AAT again doubts taxpayers’ rights to object against ECT determinations

Hope and Commissioner of Taxation [2014] AATA 877

In Re McMennemin and Commissioner of Taxation [2010] AATA 573, the Administrative Appeals Tribunal found that it did not have jurisdiction to review a decision of the Commissioner under s 292-465 ITAA 1997 (discussed here).  The Commissioner appealed, and in Commissioner of Taxation v Administrative Appeals Tribunal [2011] FCAFC 37, a Full Court of the Federal Court upheld the Tribunal’s decision.  The Full Court said the absence of an express provision that the taxpayer could object against a decision under s 292-465 meant that no objection rights existed and no review was available in the Tribunal.

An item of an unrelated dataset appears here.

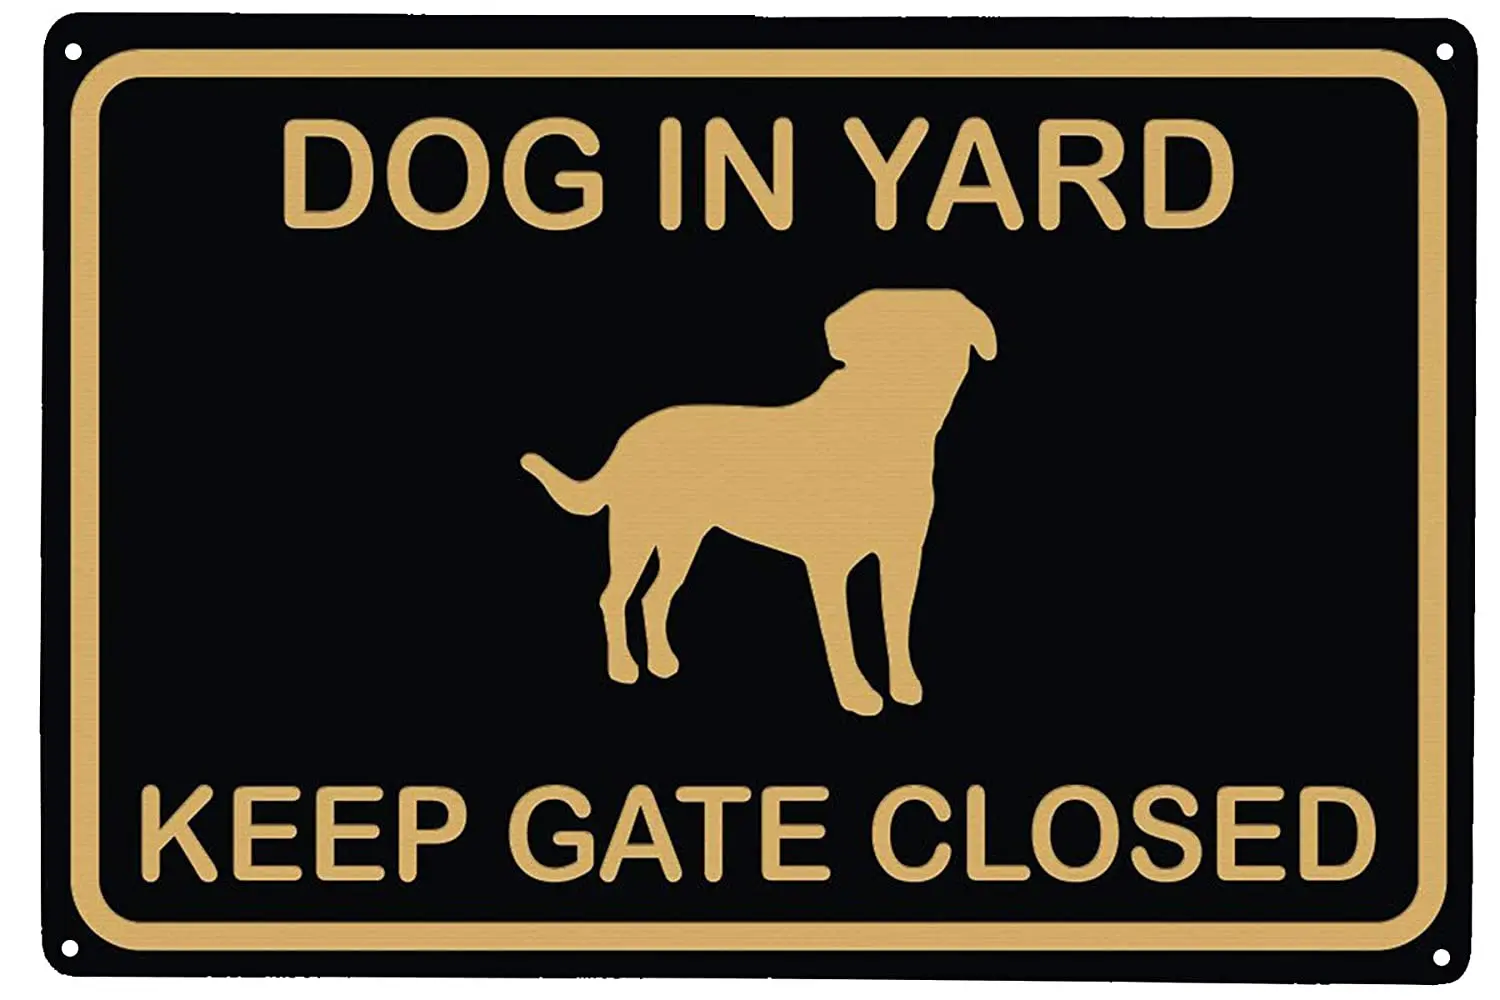 

LASMINE Dog in Yard Keep Gate Closed Wall Door Sign Please Keep Gate Closed Vintage Retro Metal Indoor Outdoor Road Firm Water
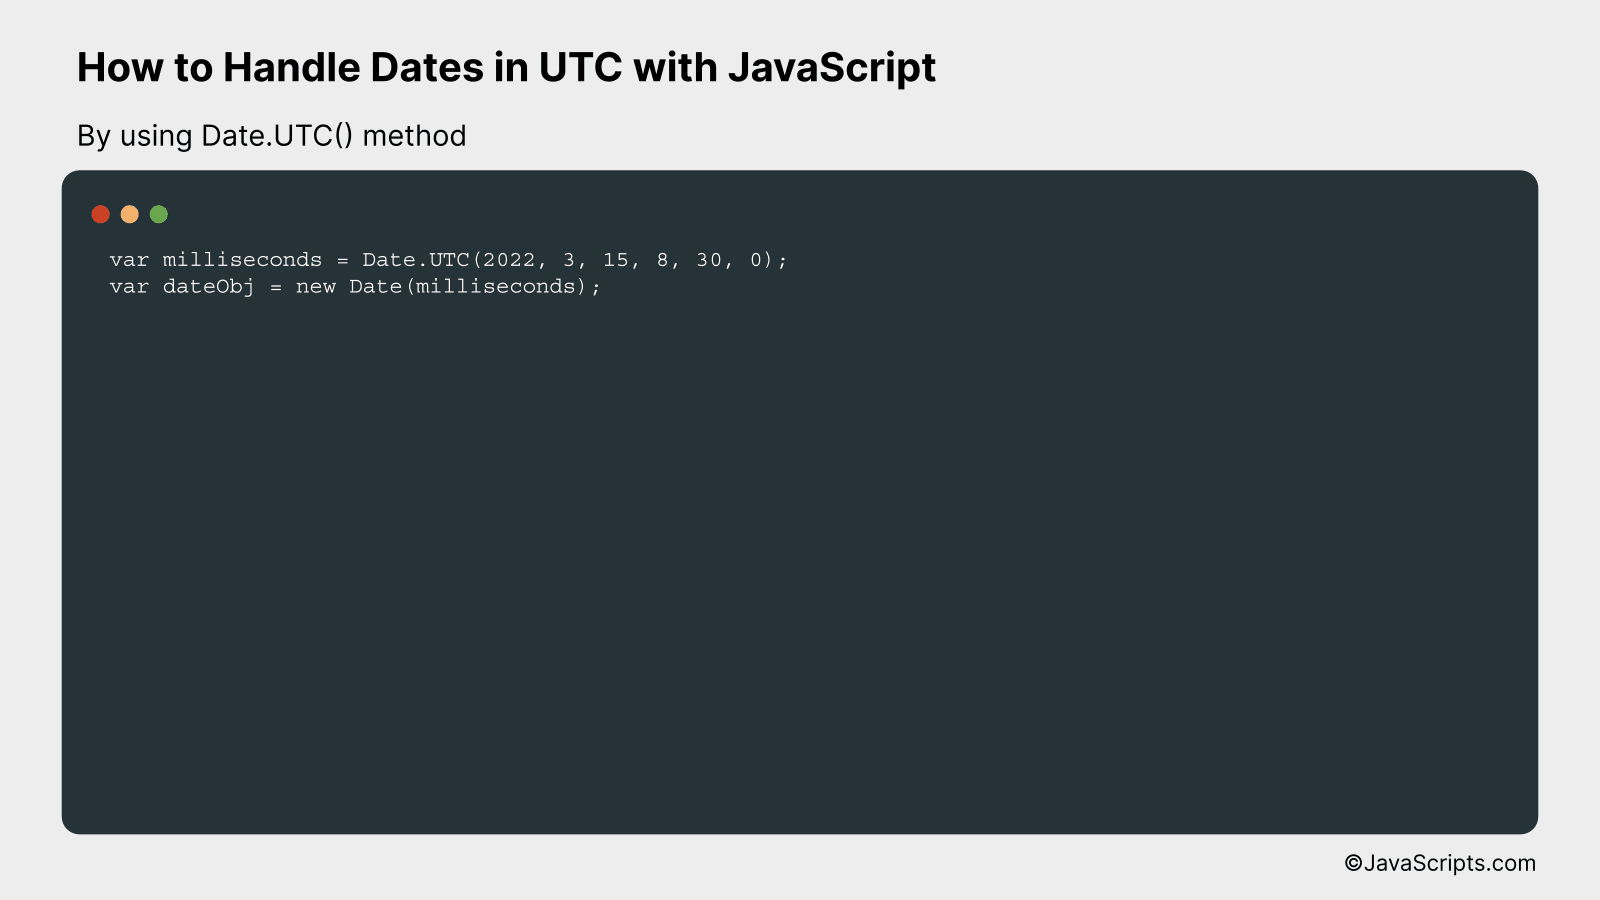 By using Date.UTC() method

To provide taxpayers with objection rights, an amending Act was passed (before the hearing of the appeal to the Full Federal Court) inserting sub-section 292-465(9) as follows:

(9)      To avoid doubt:

(a)      you may object under section 292-245 against an *excess contributions tax assessment made in relation to you on the ground that you are dissatisfied with a determination that you applied for under this section; and

(b)      for the purposes of paragraph (e) of Schedule 1 to the [ADJR Act] the making of a determination under this section is a decision forming part of the process of making an assessment of tax under this Act.

It is therefore surprising that in Hope and Commissioner of Taxation [2014] AATA 877, the Tribunal again expressed doubt about taxpayers’ rights to object against a decision of the Commissioner under s 292-465.

The Tribunal’s decision turned in part upon the language of s 292-465(1), which provided that on the taxpayer’s application, ‘the Commissioner may make a written determination’ to disregard or re-allocate all or part of the taxpayer’s contributions.  The Tribunal suggested (at [36]) that since the grounds for the objection provided for in s 292-465(8)(a) were dissatisfaction with a determination, there may be no right of objection in the case of a negative decision by the Commissioner, because there would be no ‘determination’ to disregard or re-allocate – only an absence of a determination.

The Tribunal’s reasons pick up an ambiguity in the language of s 292-465.  The concept of a ‘determination’ might be thought to refer to the process of decision-making or the product of that process, or both.  With respect, the permissive construction is to be preferred.  It would seem a perverse outcome if a taxpayer who had failed in their application under s 292-465 had no objection rights whilst a taxpayer who had succeeded in part could object if they remained dissatisfied.  The result suggested by the Tribunal’s dicta would give s 292-465 a construction which frustrates the obvious intent of the amending provisions, namely to confer objection rights upon taxpayers.